Your assignment: Retype the data below exactly, skipping pictures.

Exercise data:
++++++++++++++++++++
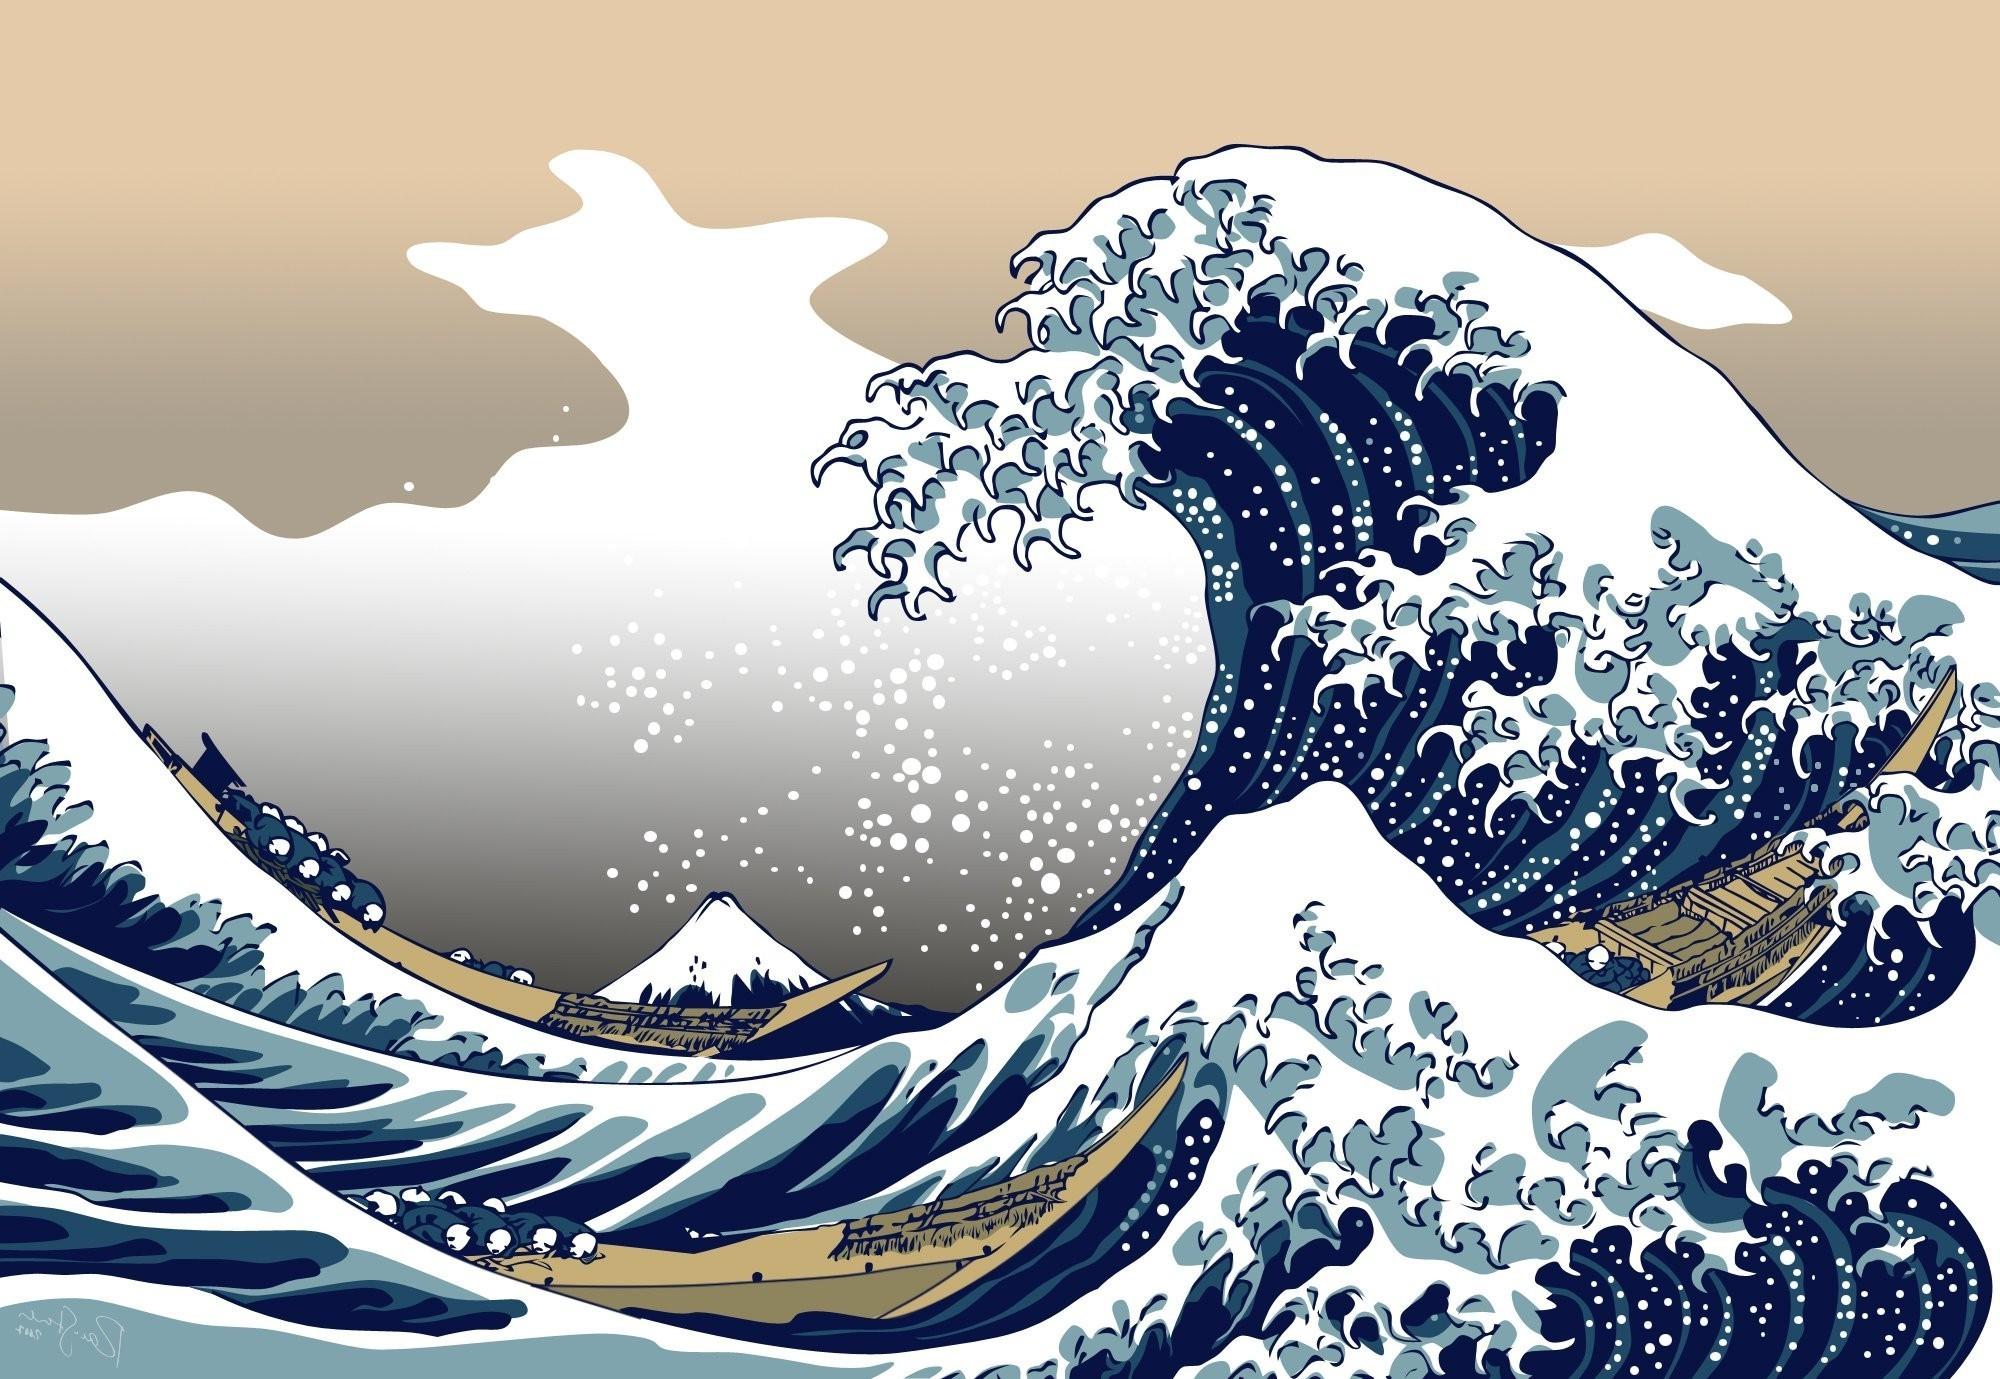 Nature, Blue, The Great Wave Off Kanagawa Wallpapers - Great Wave Off Kanagawa Wallpaper 4k - HD Wallpaper
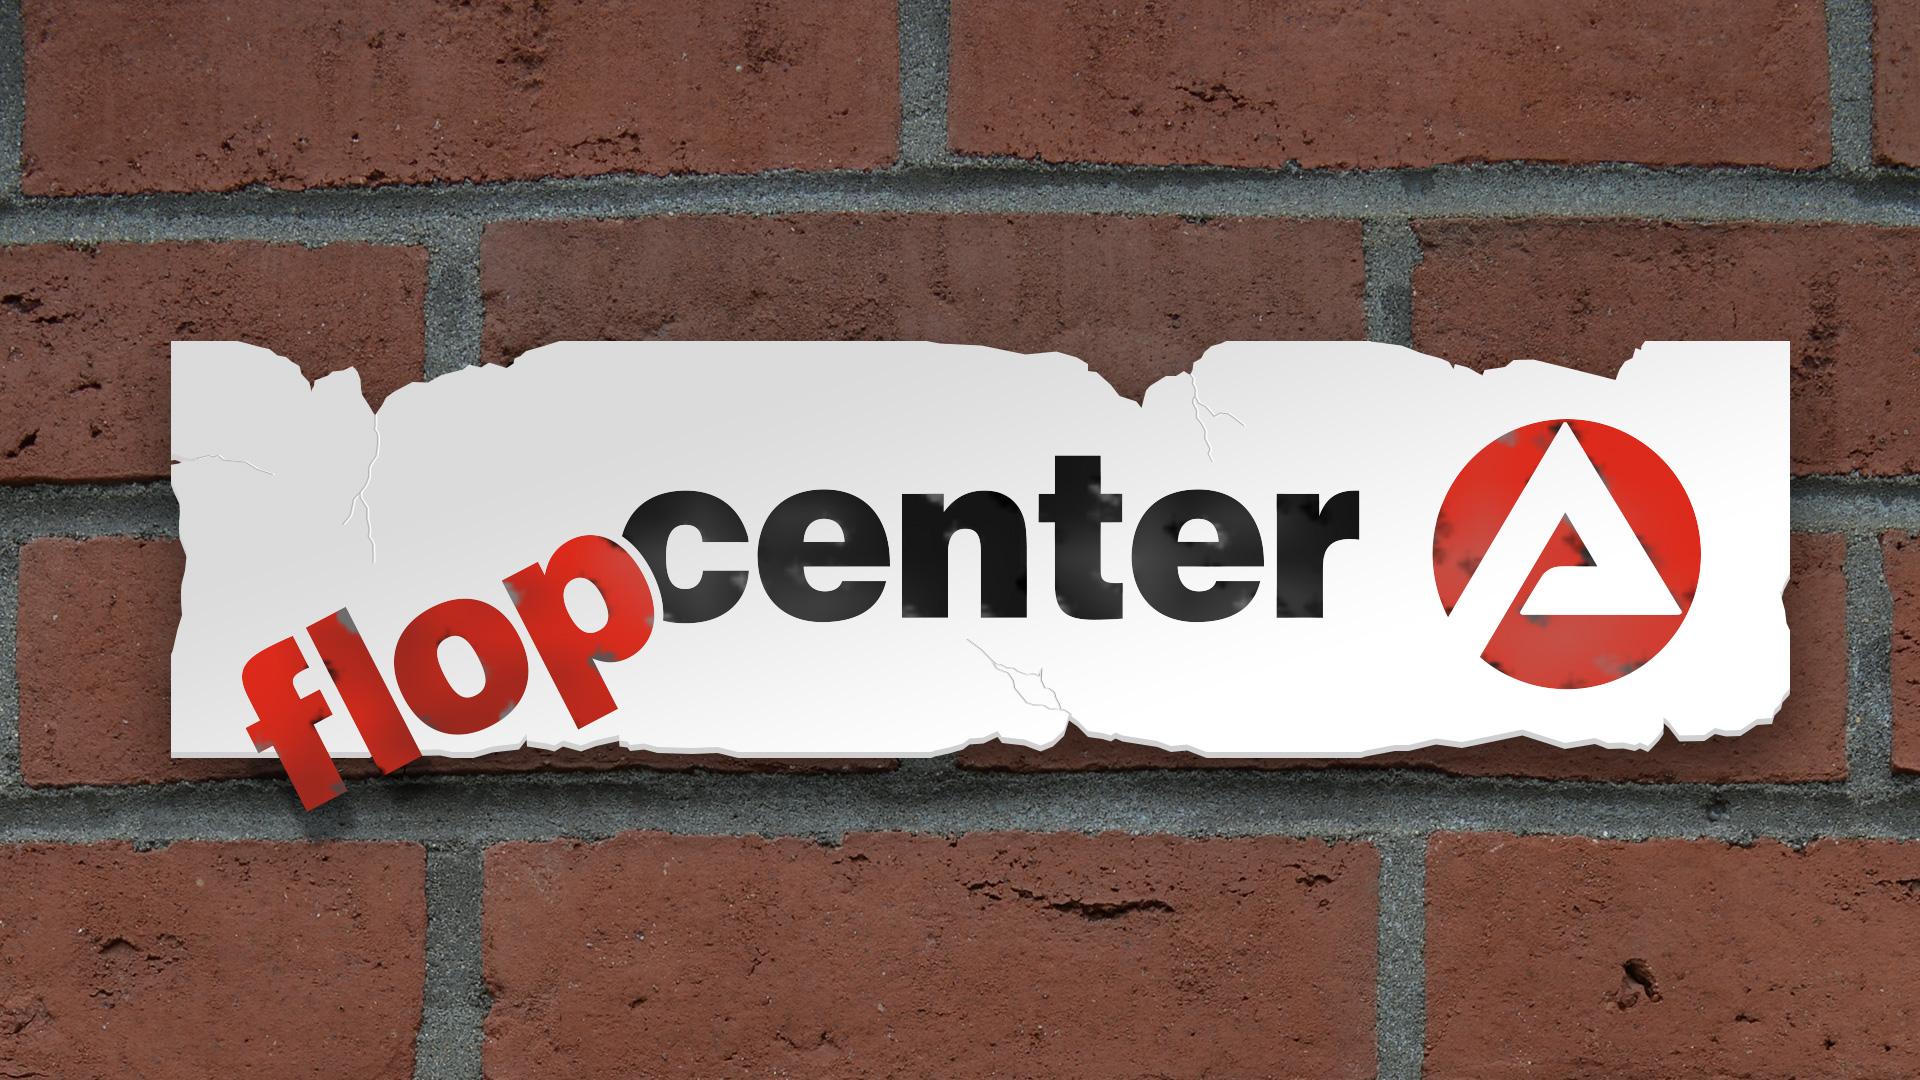 Flopcenter (2)
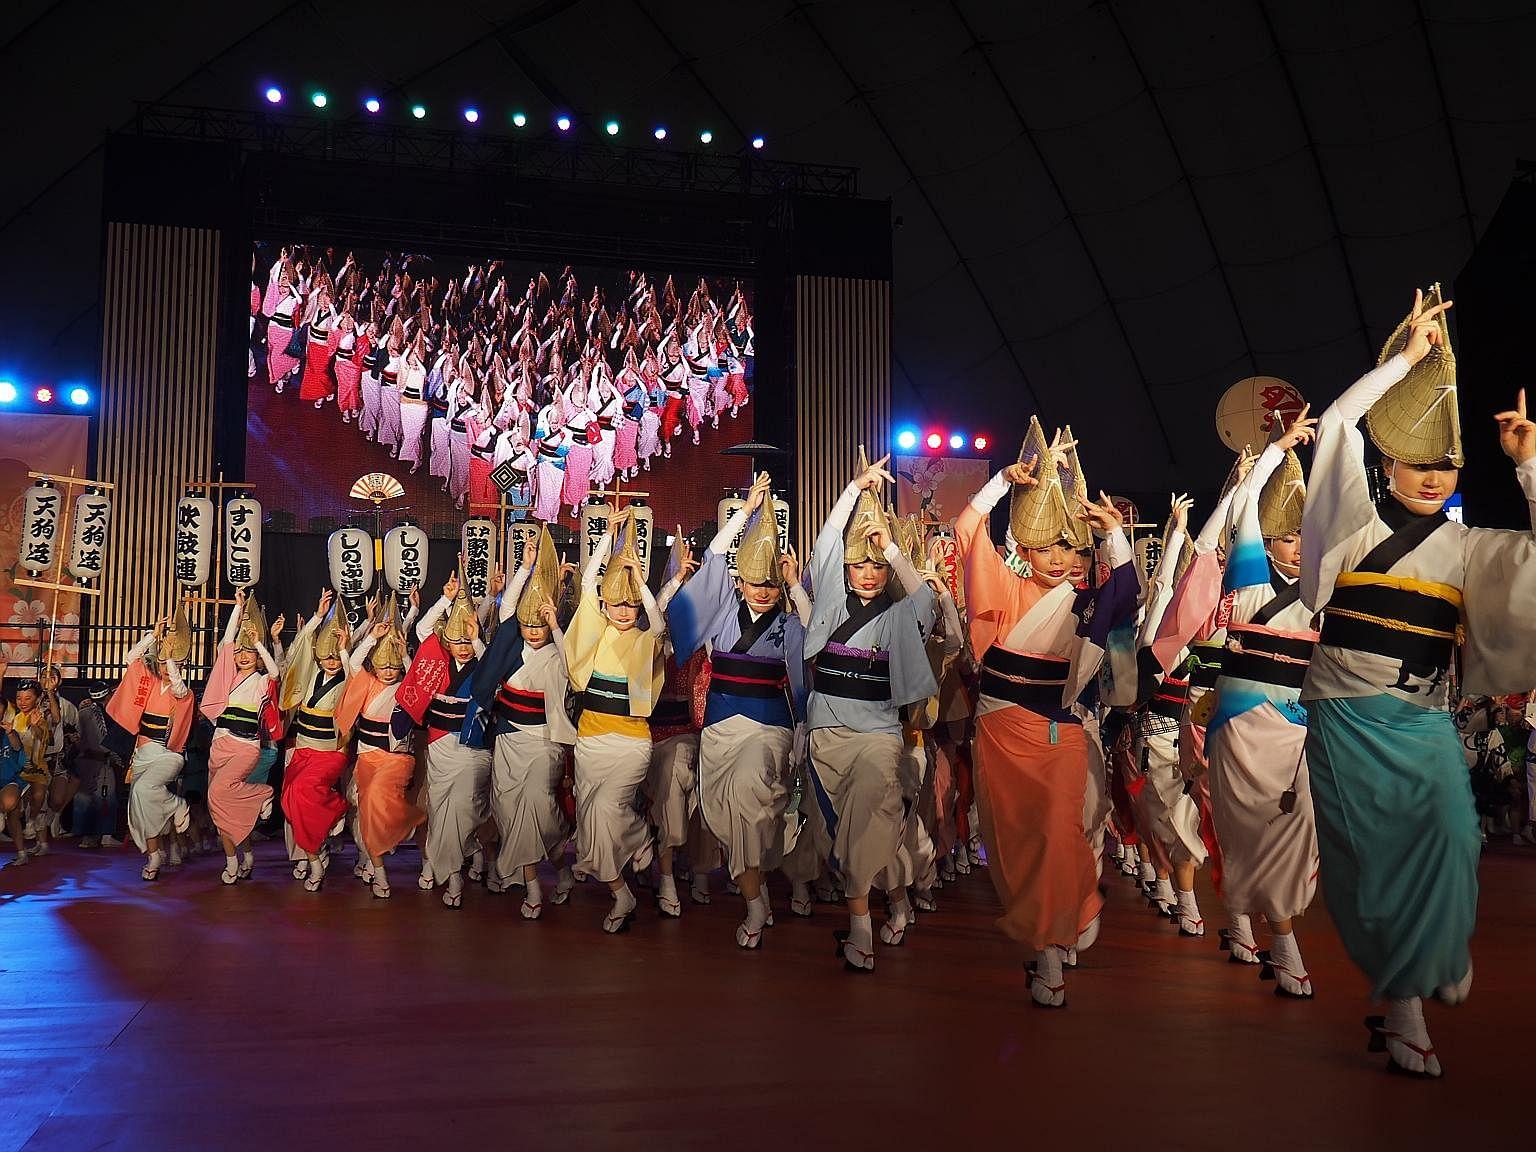 At RWS Summer Matsuri, kids can enjoy Japanese films, try Japanese food and catch live performances of the Tokyo Koenji Awa-Odori dance.
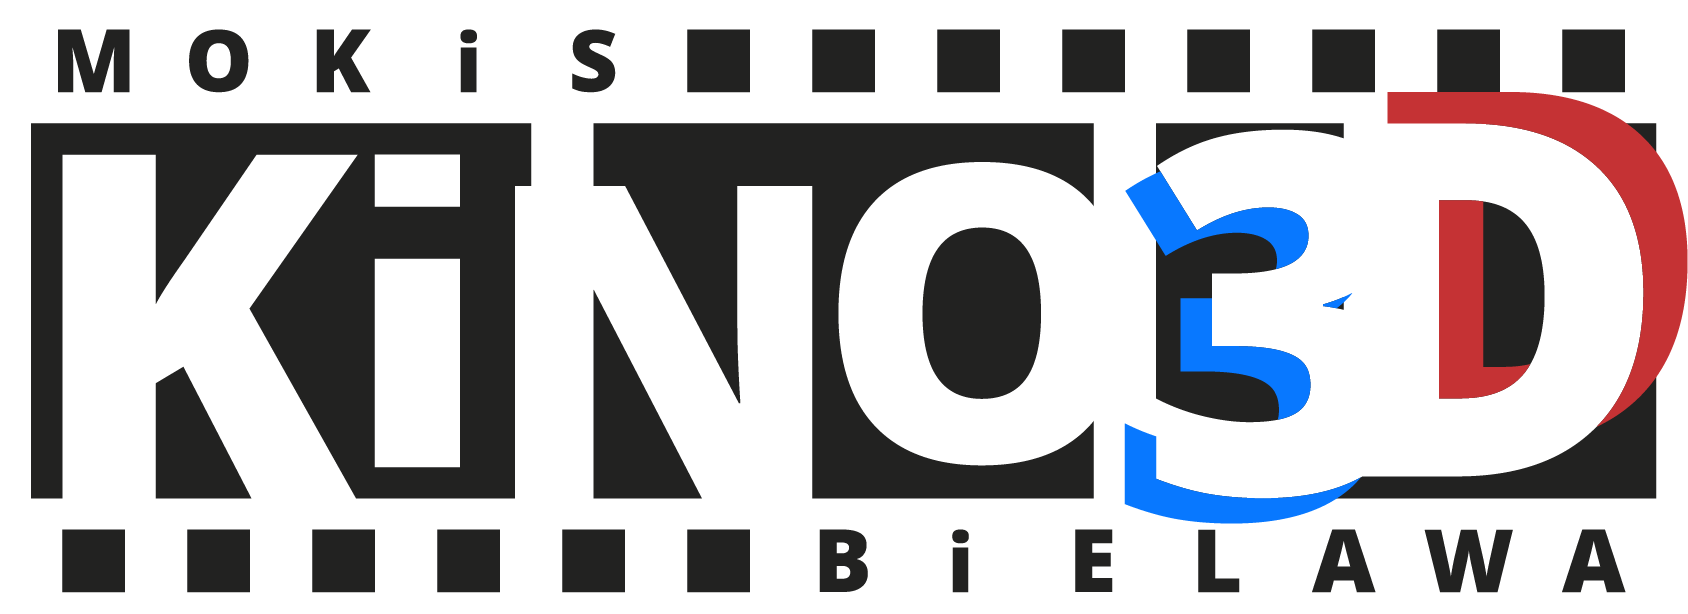 Kino 3D MOKiS Bielawa
++++++++++++++++++++
Result of this exercise:
 Nature, Blue, The Great Wave Off Kanagawa Wallpapers - Great Wave Off Kanagawa Wallpaper 4k - HD Wallpaper
 Flopcenter (2)
 At RWS Summer Matsuri, kids can enjoy Japanese films, try Japanese food and catch live performances of the Tokyo Koenji Awa-Odori dance.
 Kino 3D MOKiS Bielawa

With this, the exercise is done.